После заката он рассказал Бригитте о своей встрече с Браном.

– Помню, когда Патрикей собрался меня крестить, я наслала на него морок, и поп увидел всё так, как мне было нужно. Странно, что Бран не сделал того же, – отозвалась Бригитта, когда Морвран закончил говорить.

– Может, пытался...

– Если бы попытался, ему это удалось бы, – парировала богиня. – Значит, здесь что-то другое... В любом случае сейчас мы не знаем об этом... А я ведь была на той войне. Когда пал Бран. Уж не вспомню сейчас, кто нанёс ему тот роковой удар, только рухнул он не сразу. Сперва залил кровью всех вокруг – и своих, и врагов – и лишь потом осел на землю. И как рубили ему голову, помню, и как говорила она, отъятая от тела его гигантского. Мананнан, проводив брата своего с остатками войска в Придайн, придя потом как-то ко мне, рассказывал, что путь до Холма – а был он долог – лежал через многие острова и не был прямым. Люди Брана вместе с его головой пировали подолгу, и Великий Ворон... благословлял эти земли. Он благословлял всё, что видел вокруг: каждый камушек, каждую травинку, каждый морской брызг. Зачем? Он отдавал миру ту часть необъятной силы, которую больше не мог проявлять. Он проиграл эту битву, но тут же повёл новую – за скрепление всего обозримого сущего воедино. Чтобы распри Детей Неба и Детей Моря больше не завершались столь фатально. Чтобы Придайн не восставал на Эрин, а Эрин – на Придайн. А ежели и быть войне, то пусть после неё хоть что-то останется, и каждый её участник извлечёт печальный, но полезный урок. Ибо в той войне, которую повёл Бран... в той войне, Морвран, всё, абсолютно всё могло погибнуть! Этот сын Лира, самый достойный из всех своих родичей – не только Благословенный, как многие называют его, но и Благословляющий. Его сила – в его благословениях. И, думаю, именно она сможет вырвать его из пут христианского обряда. Только для такого благословения нужно нечто – и даже не одно, что сильно само по себе.

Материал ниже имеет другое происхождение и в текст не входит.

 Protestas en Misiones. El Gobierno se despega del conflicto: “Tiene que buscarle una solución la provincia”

– Ну, камней и полых холмов, рек там священных полно… – задумался Морвран.

– Не годится, – парировала Бригитта. – Это природная сила, сила богов, сила первозданных стихий, породивших первых древних. Тебе же, если ты возьмёшься, нужно то, что создано вручную, специально, с вложением туда упорядоченной силы. Силы разума и воли. И преимущественно людьми. Или не обязательно людьми, но уж точно это должно быть тем, что находится в их владении.

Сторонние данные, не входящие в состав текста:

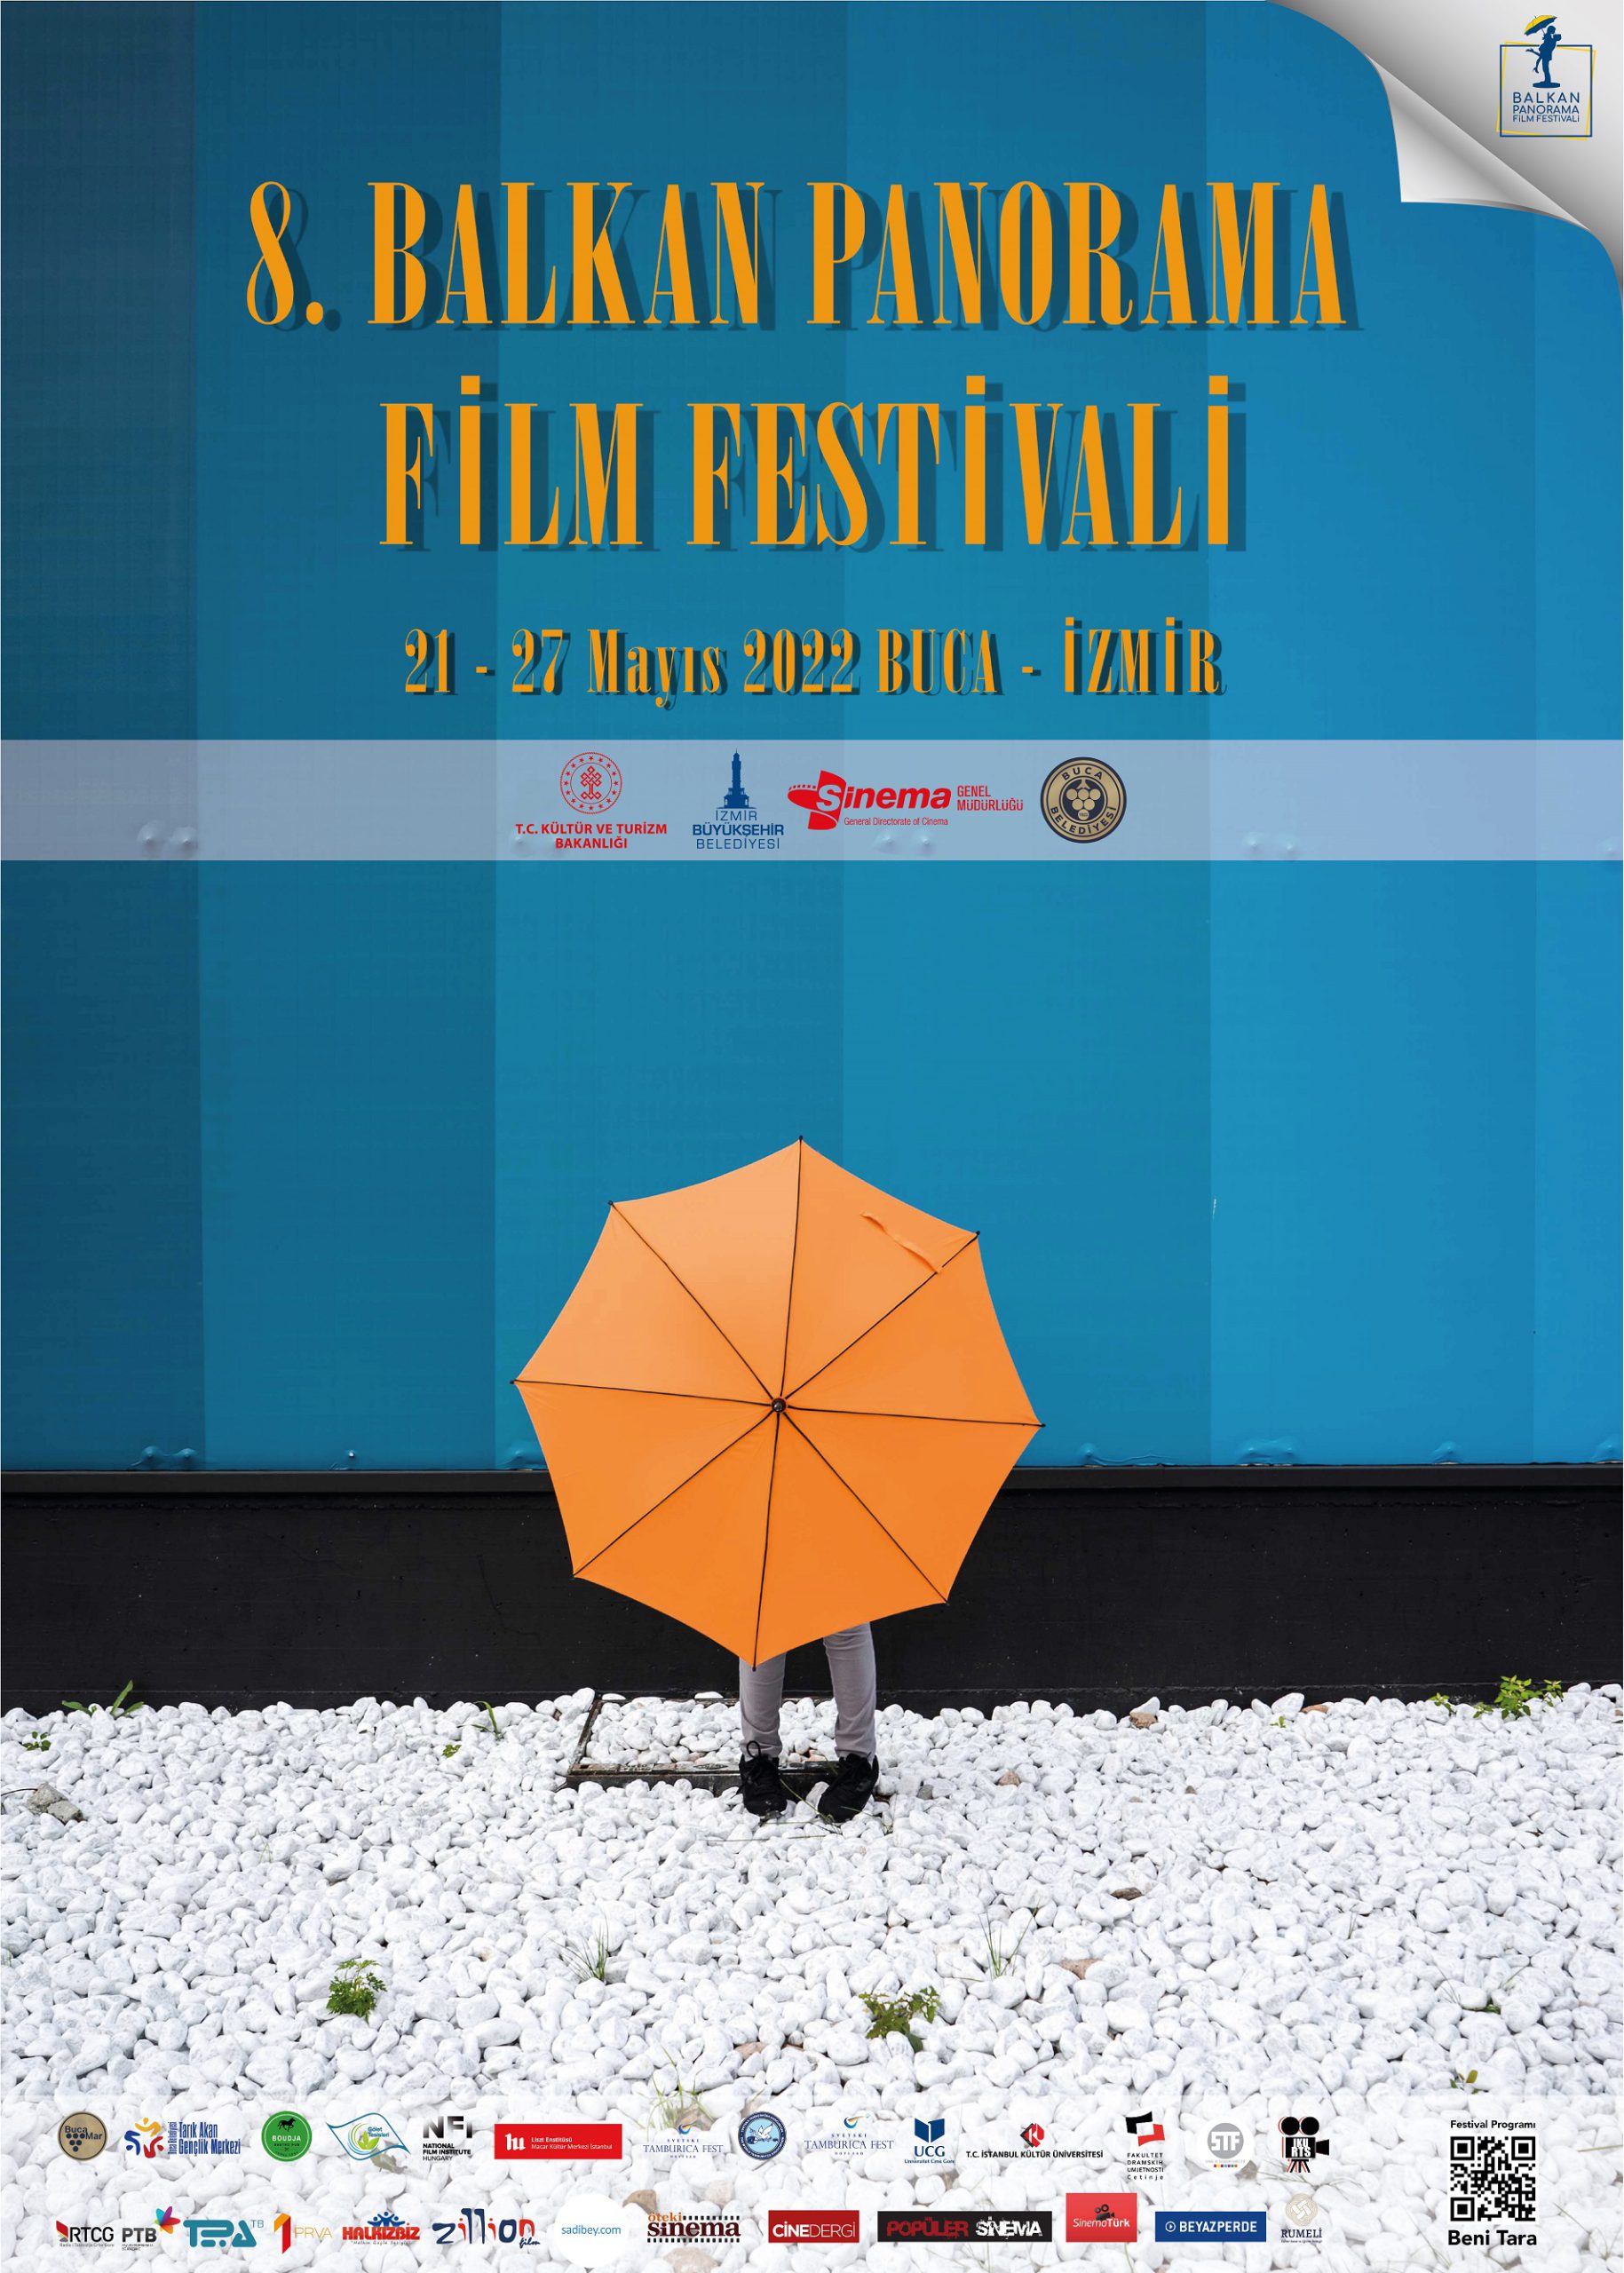 Balkan Panorama Film Festivali

– Только так? – спросил Морвран.

– Полагаю, что да. Христос – бог почти что рукотворный. И молодой. Вся его сила – это сила людей, а не мира или древних знаний. Поэтому, чтобы вырваться из своего плена, Бран должен благословить то, что человек если не сделал, то... полюбил и долгое время применял. Плоды силы людей, благословлённые богом против силы бога.

– И сколько таких... плодов людской силы нужно натаскать Брану?

– Совершенно не имею понятия, – покачала головой Бригитта. – Пока не спадут узы обряда. Надеюсь, что затем он снова встанет на защиту Придайна.

Морвран, чьё лицо чаще всего хранило весьма однообразное выражение, в ответ на слова о защите Придайна не смог сдержать гримасы сомнения. Бригитта уловила это.

– Зря ты так, – спокойно сказала она. – Мал ещё судить о древних. По крайней мере, я знаю одну историю, которая твои суждения изменит. Знаешь ли ты, например, как Бран стал братом Последнего Римлянина Острова Придайн? Нетрудно рассказать...

…Если бы Морвран в своё время не только махал мечом и рвал врагов руками в битвах Артоса-Медведя, если бы он при нечастых встречах с Браном внимательнее того слушал и задавал больше вопросов, то он знал бы и о временах, когда Древний Ворон, вернее, его голова, защищала Придайн не только одним своим нахождением под Холмом, но и, скажем так, в более деятельной ипостаси.

Допустим, было это в 470 году от условного рождения Христа. Закатилась звезда Аврелиана Амвросия-старшего, которому ценой невероятных усилий удалось доказать, что и без помощи Аэция, Сиагрия и прочих гонориев бритты могут сами отогнать саксов куда следует.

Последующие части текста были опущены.